The man was a convicted criminal?
Every day Claire met people wanting loans, couples hoping to refinance the house—to send a child to college, to remodel, or to pay off credit card bills. It was her job to calculate the risks of loaning them money, whether she sympathized with the applicant or not.
And in this particular case, Claire did sympathize. The poor woman had a rough row to hoe—and apparently no one to help. But the newly instituted loan regulations were sure to bind Claire’s hands.
She scanned the application again, looking for something on which to base a decision to preapprove the loan.
Education? Just high school.
Work experience? None to speak of.
A savings account? Just a couple of thousand dollars.
“Actually,” Maria explained, “I’m very frugal. So I’ve considered my living expenses plus the monthly payment in the loan amount I’m requesting. But maybe I can get by with less.”
“I believe you,” Claire said, “but I’m not able to approve your loan.”
“Why?”
“Because you have no income and no significant savings.”
“But I have a house.
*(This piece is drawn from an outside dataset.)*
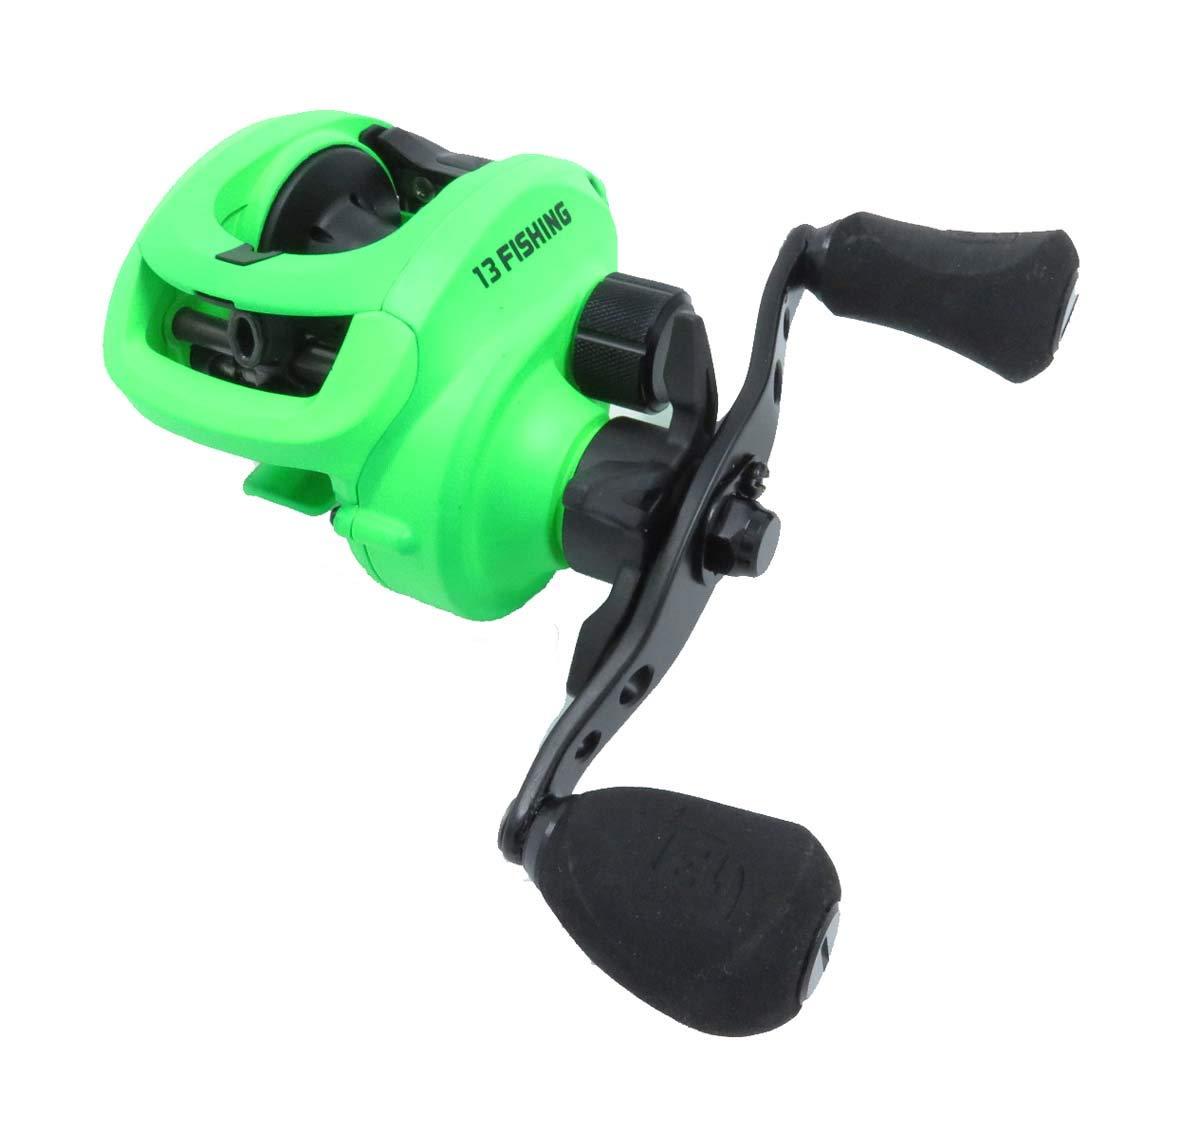 13 FISHING Inception Sport Z Inception Sport Z Baitcast Reel – 7.3 1 Gear Ratio – Left Handed Fresh Salt ,

It’s worth a whole lot more than what I’m asking for. If I didn’t make the payments on time, you could take it from me.”
As tears clouded the woman’s eyes, an awkward sense of guilt settled over Claire. This wasn’t personal. She was only making a decision based upon the bank’s best interests. Didn’t Ms. Rodriguez understand that Claire wasn’t sitting in judgment here, granting loans on a whim? Playing God?
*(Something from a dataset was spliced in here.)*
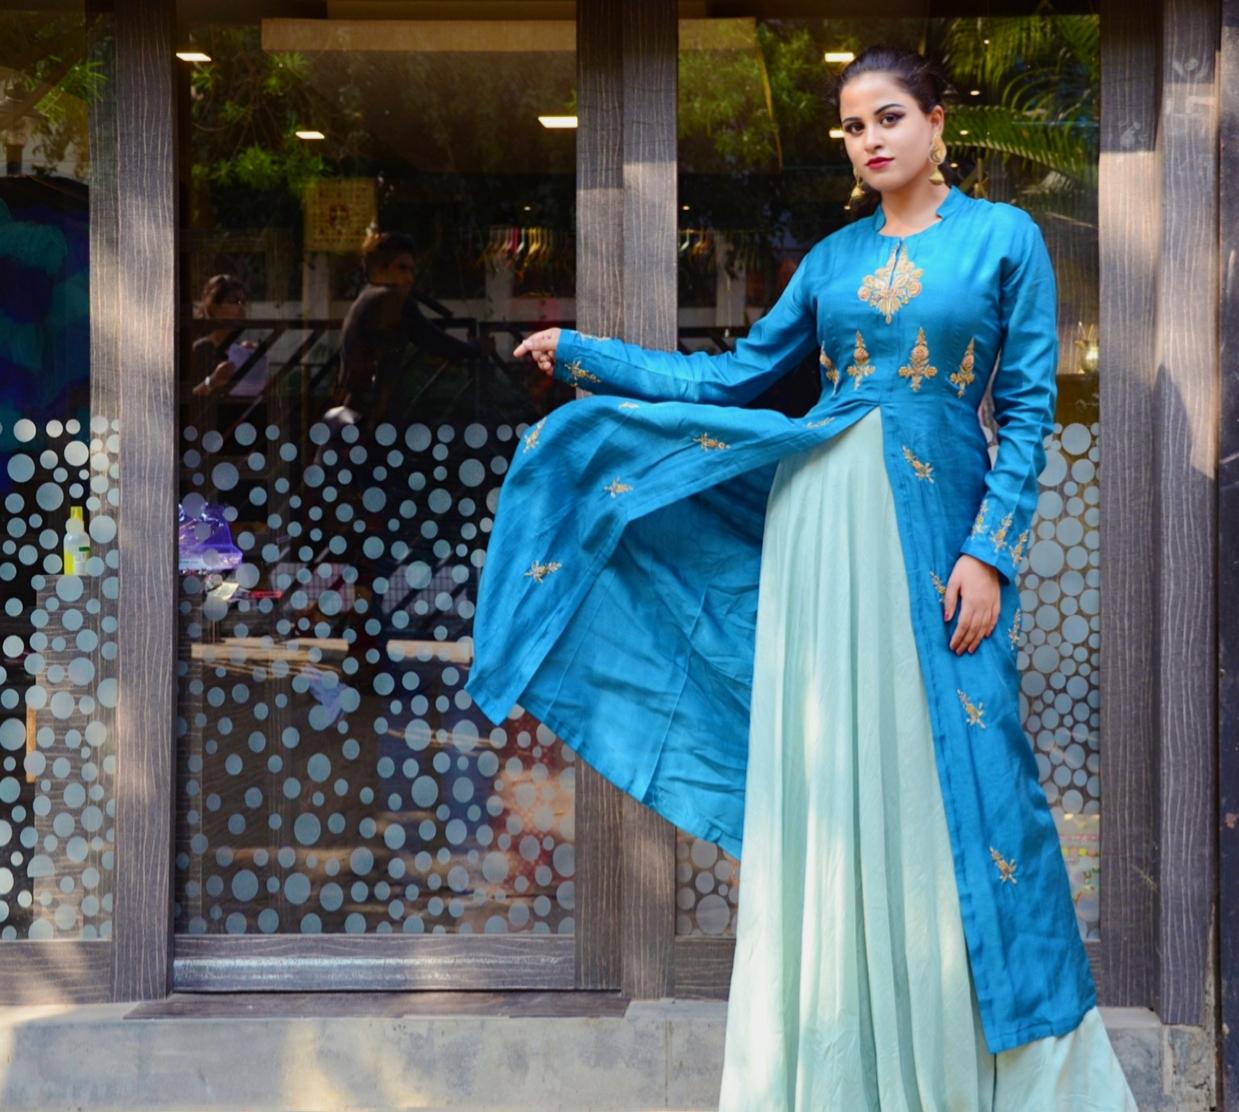 Thevoguegirl_-Melange Exhibition & Sale Bhubaneswar 2019.

What about yesterday? a small voice quizzed. Isn’t that what you did at the park?
Again, she cleared her throat, hoping to shed the guilt that had settled over her as well as the sense of impotence. “I’m truly sorry, Ms. Rodriguez. We’re in the banking business, but we can’t loan money when the risk to do so is too high.”
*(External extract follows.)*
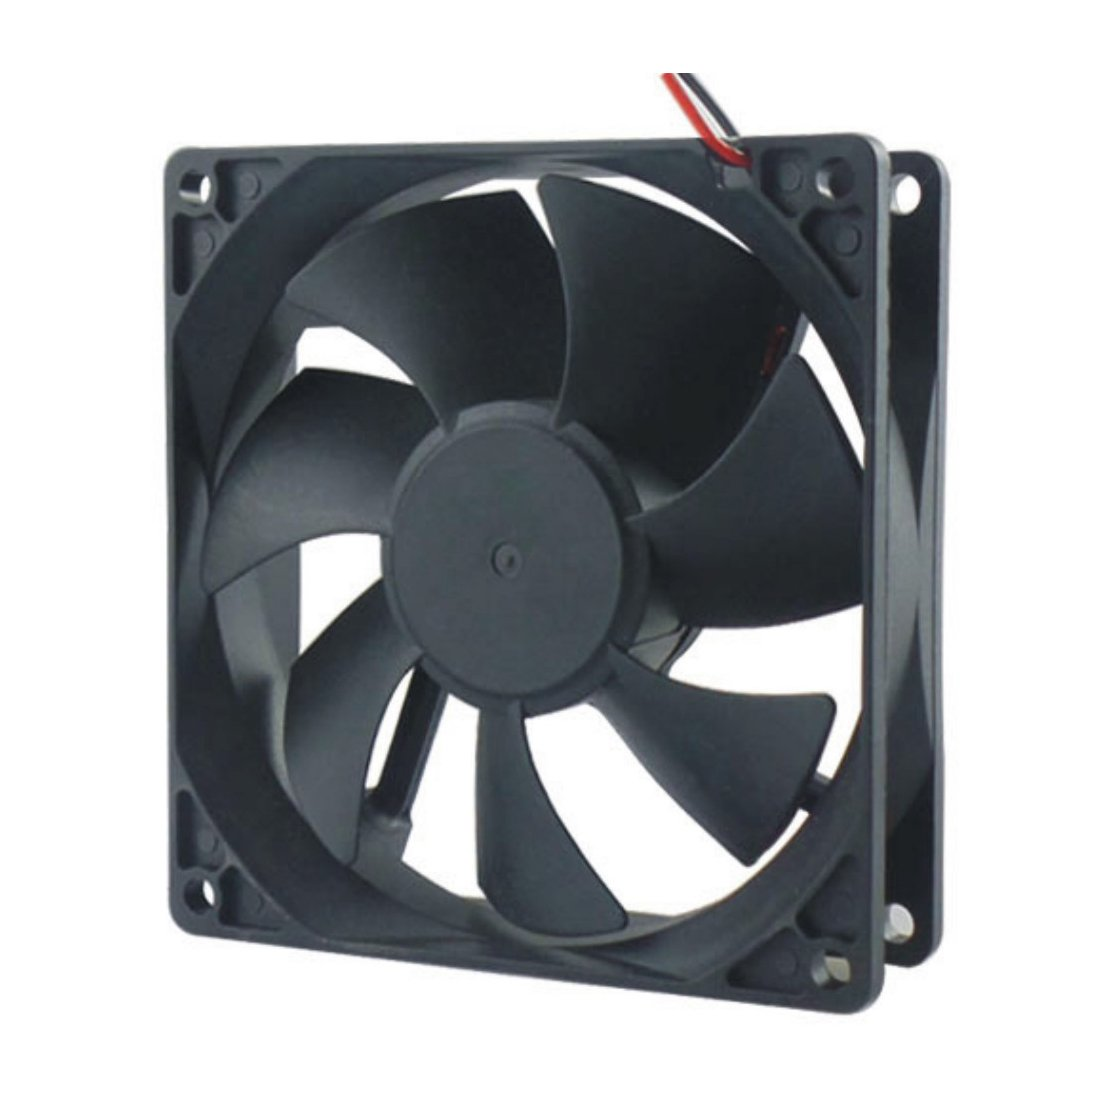 WINGONEER 120 x 120 x 38mm 12038 0.52A DC12V Ball bearing DC Cooling Fan 3pin WINGONEER®

“But I’m a hard worker. And honest. You can talk to the priest at my parish, he’ll tell you…”
Again Claire felt the uneasiness, the discomfort. The guilt. “Have you considered selling the house outright and living off the proceeds until after the baby comes and you can go back to work?”
“I don’t want to sell the house,” Maria said. “It’s all I have.”
It wasn’t all she had. She had her children.
Claire would have traded places with her in a snap, if it would have brought Erik back.
Maria slumped back in her chair. “So there’s nothing you can do?”
“I’m afraid not. Fairbrook Savings and Loan has a reputation for being conservative, so you may have better luck at another financial institution in town.” Claire stood, signaling the discussion was over, the judgment made. “Unfortunately, my hands are tied.”
The woman nodded, then touched the boy lightly on the shoulder. “Come along, mijo.”
“Are we done?” the boy asked.
“Yes.”
Maria guided her children out of Claire’s office, her shoulders hunched, yet she held her head high and led her little family to the door.
The boy slipped his hand in his mother’s. “Can we go to the playground now? Please?”
“Yes, mijo. For a little while.”
Claire would have given anything to turn back the clock, to have her son at her side again, asking to go to the park.
Yet that fact didn’t make her feel the least bit better about dashing another woman’s dreams.
Chapter 2
Walter Klinefelter parked his red Ford Ranger at Mulberry Park, then withdrew the worn leather game case and locked the door.
Two spaces down, the old woman and the blond-haired little girl climbed from their white Honda Prelude. They weren’t what he’d call regulars, since they’d just been coming to the park the past couple of weeks, but they showed up about midday. Like he did.
He’d approached them once, trying to make small talk, but the woman snubbed him like he was a dirty old man or something.
Heck, he was harmless. But he supposed they didn’t know that.
“Oh, yay,” the blond pixie said. “He’s here again today.”
“Who, dear?” the granny asked.
“Trevor.” The girl moved the tan-skinned dolly she carried from one arm to the other, then pointed to the child who’d been hanging out at the park a lot this summer, the kid who appeared as though he didn’t have a friend in the world.
In that sense, the boy and Walter had a lot in common.
“I told you before,” Granny said. “That boy is too old to be your friend.”
“He’s not exactly my friend,” the little blonde said. “He just helped me do something yesterday, and I might need him to do it again.”